A complete QoS/QoE monitoring system consists of one or multiple probes, placed in specific locations in a transmission chain, with the purpose of determining the quality of a service at a given point in time, for a certain location. Since probes may just forward captured information, with the quality calculation happening at a central location, we identify two distinct points [8]: 1) the monitoring point, at which information is collected, and 2) the quality estimation point, at which the information is used to calculate a quality indicator.
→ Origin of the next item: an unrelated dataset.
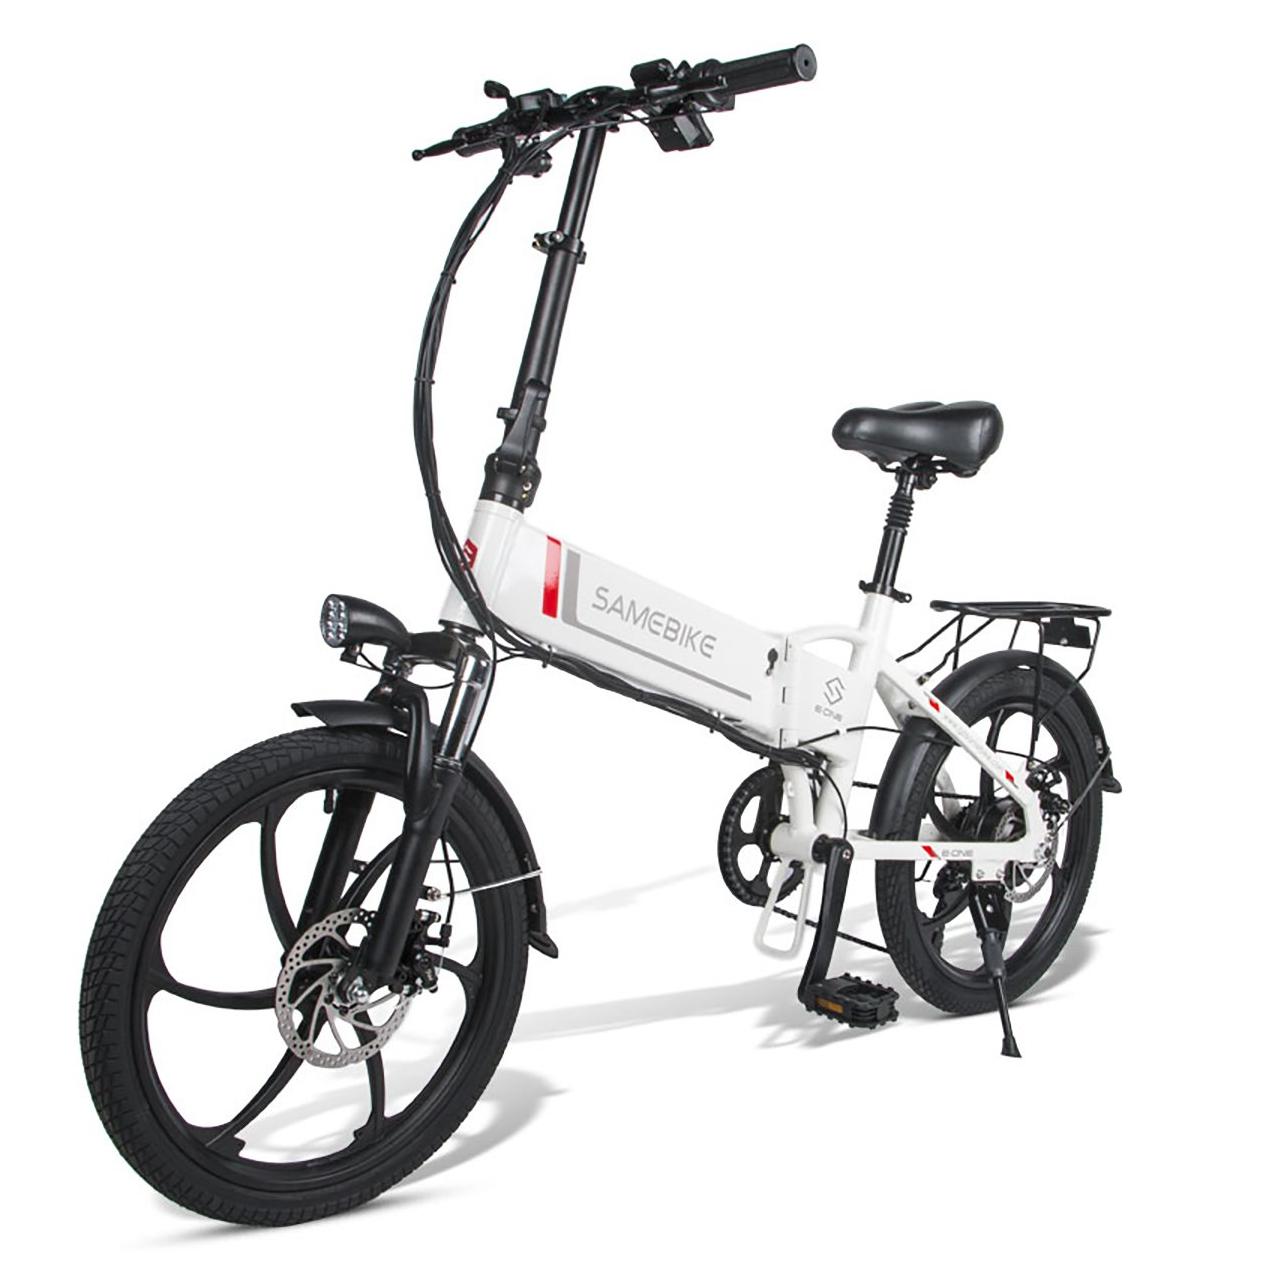 SAMEBIKE 20LVXD30 Folding Electric Bike 20 Inch Tires 350W Motor 10.4Ah Battery Max 35 KPH Ship from UK Warehouse
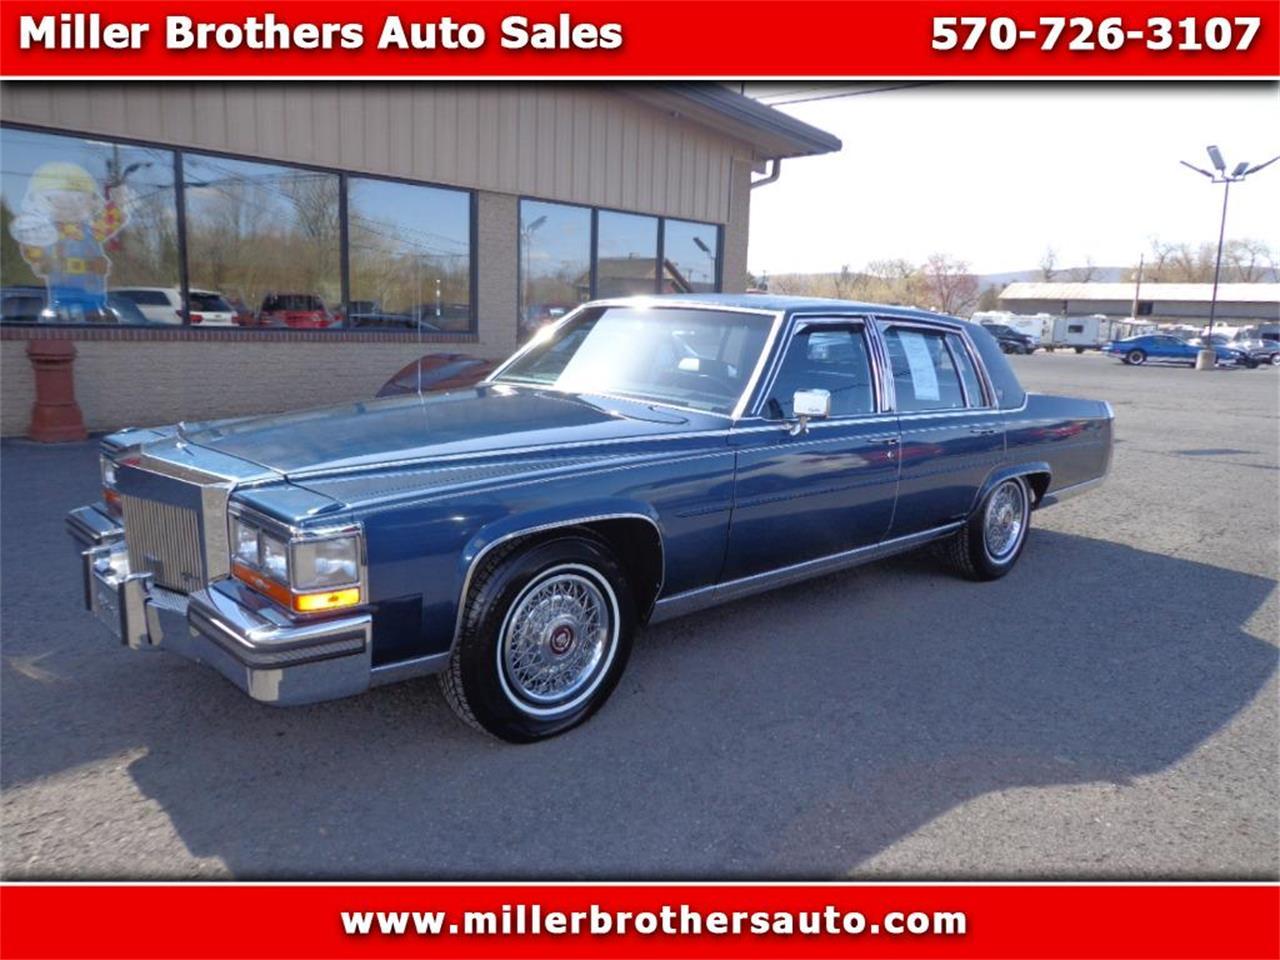 1989 cadillac brougham for sale classiccars com cc 1143911 1989 cadillac brougham for sale

In Fig. 4, we give an overview of a typical situation in which an OTT provides content to a customer. The OTT ingests content to a Content Distribution Network (CDN), which again is peered to an ISP’s core network. The ISP provides access to the customer via an access network. Generally, we refer to client-side and network-centric monitoring. In case of client-side monitoring, the probe is placed in the customers’ premises, as suggested by the name. However, network-centric monitoring is not so self-explanatory: it refers to placing the probe either in an access network, or in the core ISP network.

Fig. 4
figure 4

Simplified network topology for OTT media services delivered to fixed/mobile-network consumer. Dashed lines indicate encrypted payload

Figure 4 also shows the tunnels that may exist in case of end-to-end encryption between an OTT and a customer. Content encryption — such as video bitstreams protected by Digital Rights Management (DRM) — has its server-side endpoint at the OTT. CDNs are typically the endpoint for application-layer (e.g., TLS-based HTTPS) encryption. We will later refer to the challenges that ISPs face because of these data tunnels when it comes to QoE monitoring.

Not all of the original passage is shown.